21 September, 2016

throwing porcelain plates at parked cars

bits of me needed a tangible thing to put into my bag, hold between thumb and longer fingers, and ears to be dogged.
my skin wanted to have pages that could collect the smells of places i have been for long enough, and stain with my oil and fluid.
some certain nerves wanted to those same paged to be burnable, tearable, chewable, and to occasionally collect my tears. i hope that some day they all would burn with a building, or that i would light them myself. occasionally i have.
i needed the pages of everything i wrote to have properties beyond what was written in them.
my ego may have wanted them to be found in the future, for a posthumous romp.
or defenestrated whimsically.

i think all of me was motivated to write, read, and collect thoughts in a way that made loads of cultural sense, and fit well with an identity that i liked, but no longer makes sense for my real lived experience. i've gone through various iterations of what i want my creative life to feel and look like. these are deeply integrated pieces of the overall questions of living for me. i am happy to admit that aesthetic and tactile elements are as important to me as any functional ones.
replacing journals, pencils/quills, matchbooks, and notepads with keyboards and touch-screens has been a slow and thoughtful process.

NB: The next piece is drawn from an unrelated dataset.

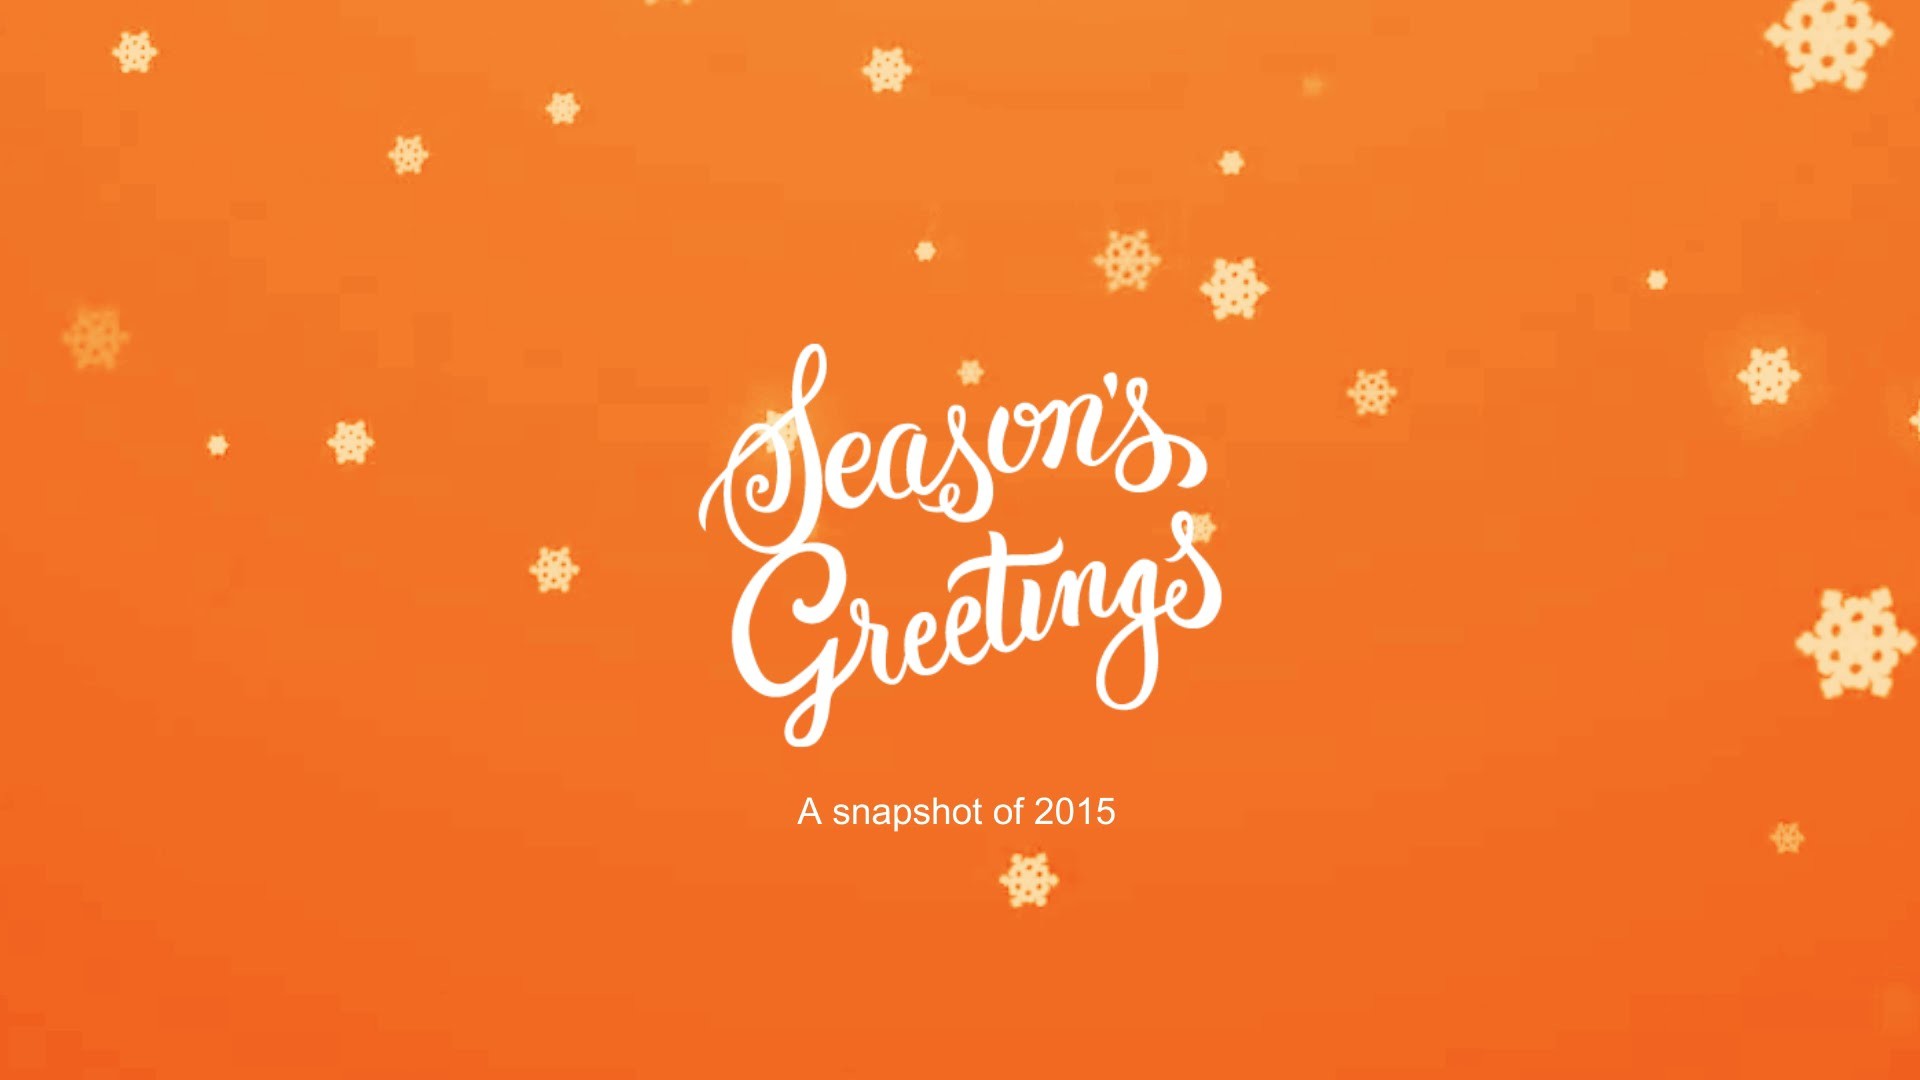 1920x1080 Season's Greetings - a snapshot of 2015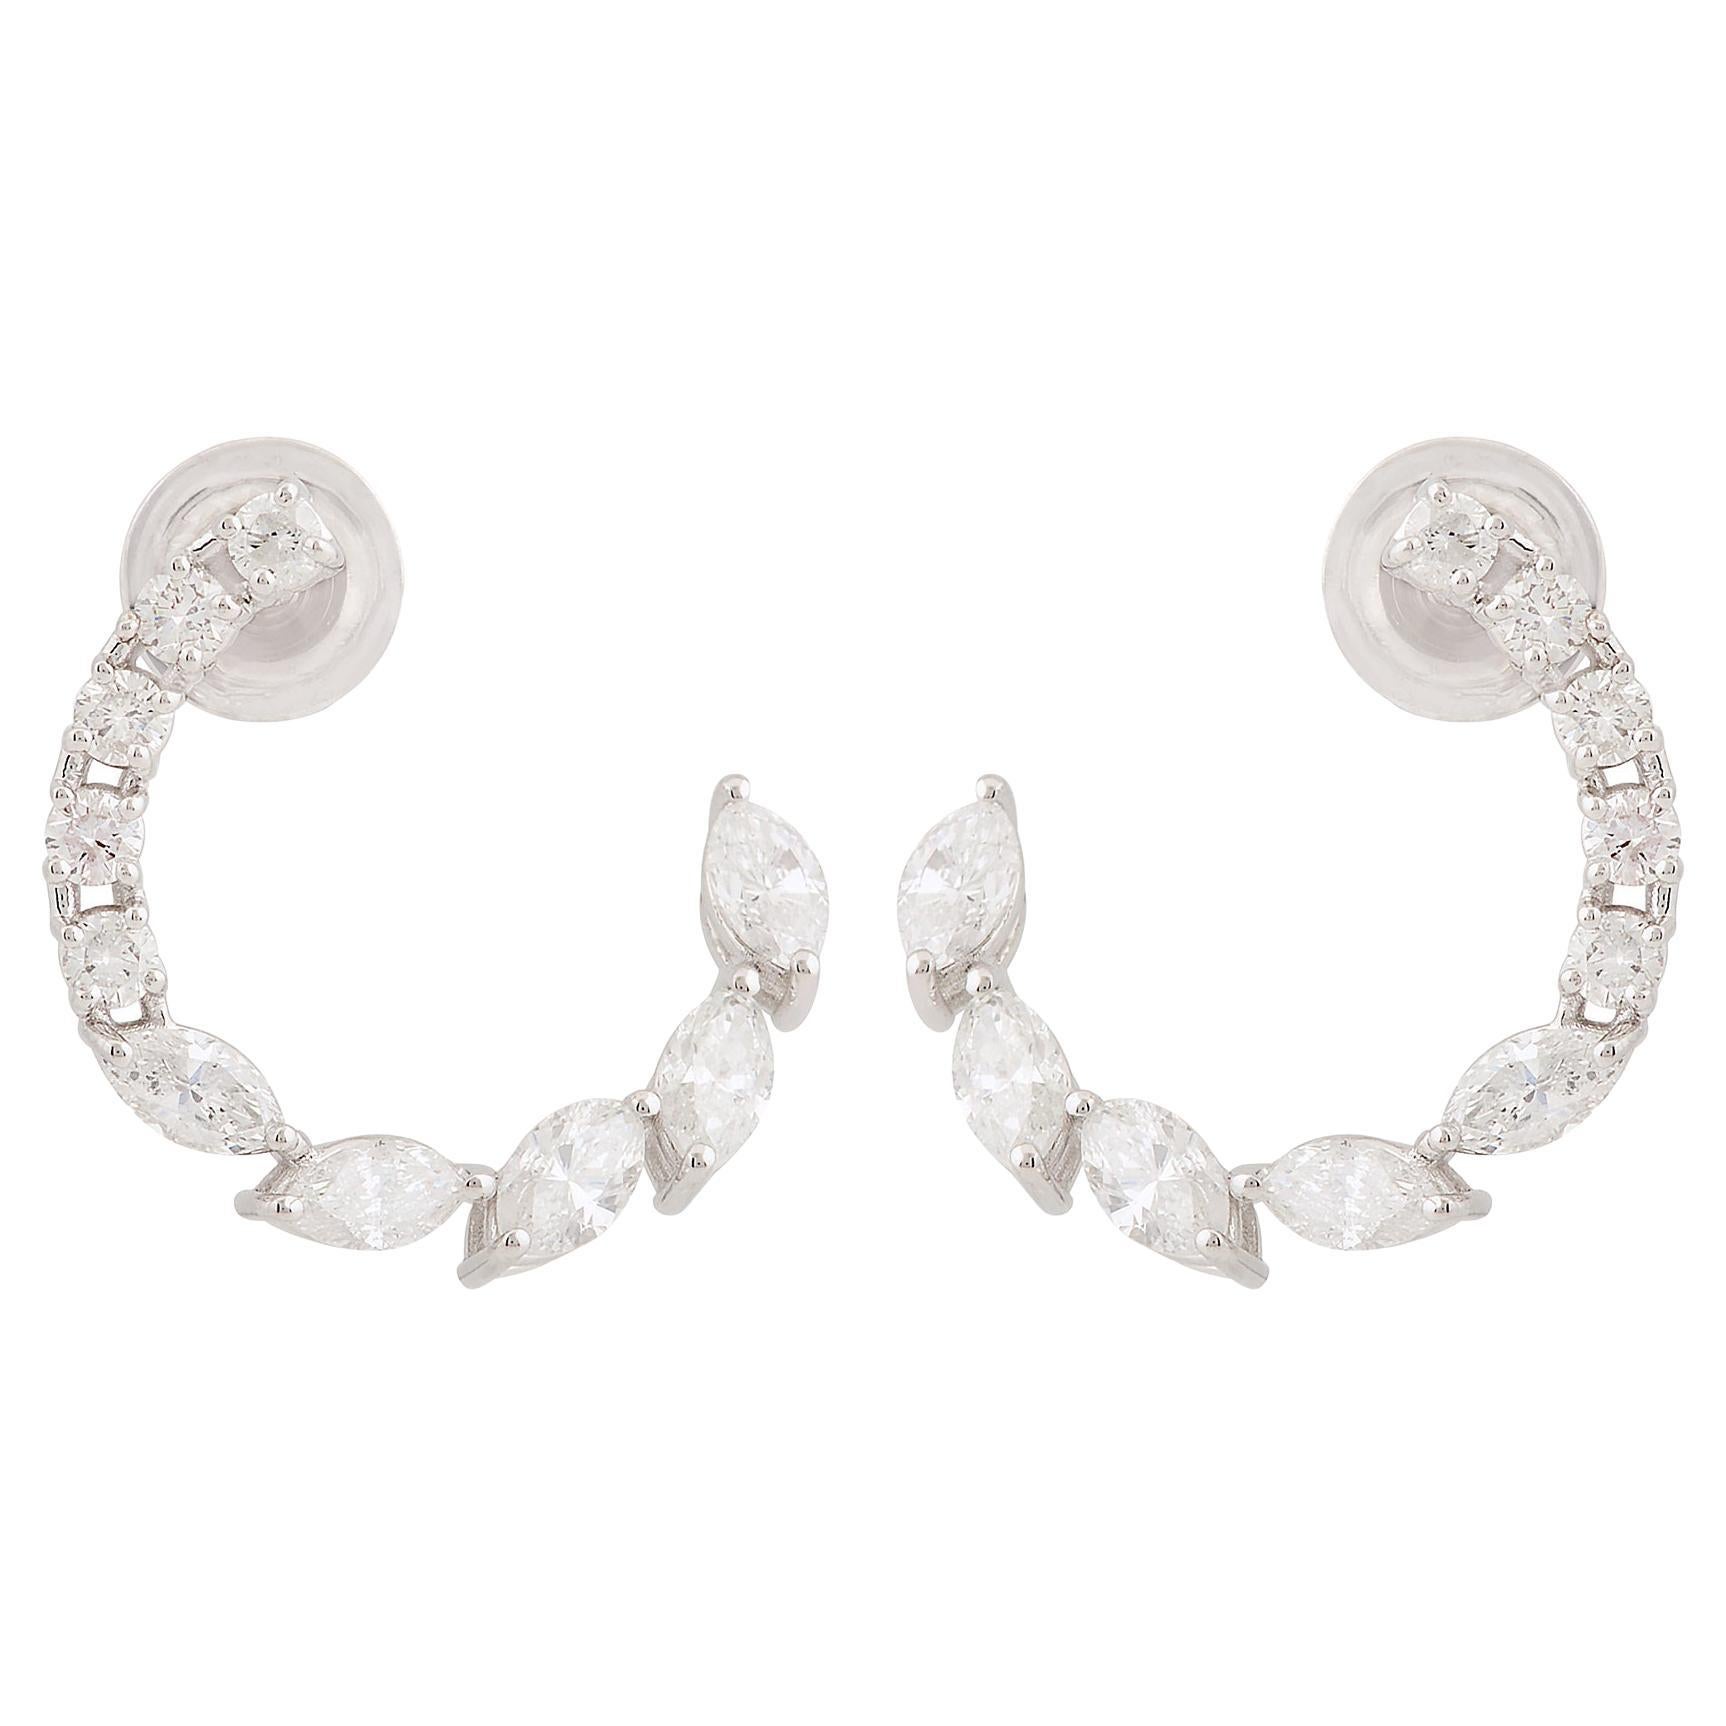 Real 2.49 Carat Marquise Diamond Stud Earrings 14k White Gold Handmade Jewelry

  • precontemplation: i love everything about paper cuts, and the ways coffee stains mashed paper. i take pride in the piles of disorganized notes that make up my written "outline". ink stains are integral inspiration. 
  • contemplation: i enjoy reading the blogs my friends have put together, and i can appreciate how we are able to share and discuss their written work. i love that otehr folks are able to read their creative outlets, and share thoguhts on the content. i might one day have a blog...but what would i call it. 
  • determination: found a name for this thing by wondering what might be the heaviest thign someone has ever tried to balance on their head? maybe a pieno? = pianohat!
  • action: start dumping all new poetry into this digital thingy. sometimes writing poems and song lyrics on paper and posting a photo of them. share pieces with a few friends who write things i like. 
  • maintenance: delete posts like mad, and hate on the lack of smell/sound/taste/touch in the digital space. stop reading other blogs and return to the pages, the magazines, the beer coasters. bobble back and forth. take more pictures of written thigns to post occasionally.  
  • termination: pack the bag with books, notebooks, pens, pencils, and a laptop, and head off to the cafe. 
the smell of tactile material records is one of my favorite, and the adaptability and convenience of typing, checking, editing, locating/relocating, and sharing my creative work has made a space for the digital device in my life. most of all, i enjoy having less stuff to haul around as i travel the world. a meaningful appreciation for pens and papers certainly endured, and i will likely always carry both wherever along for the battery outages and diagram illustrations. i have to remind myself, these are not the verbs that happened in the past and are finished. they happened and are ongoing.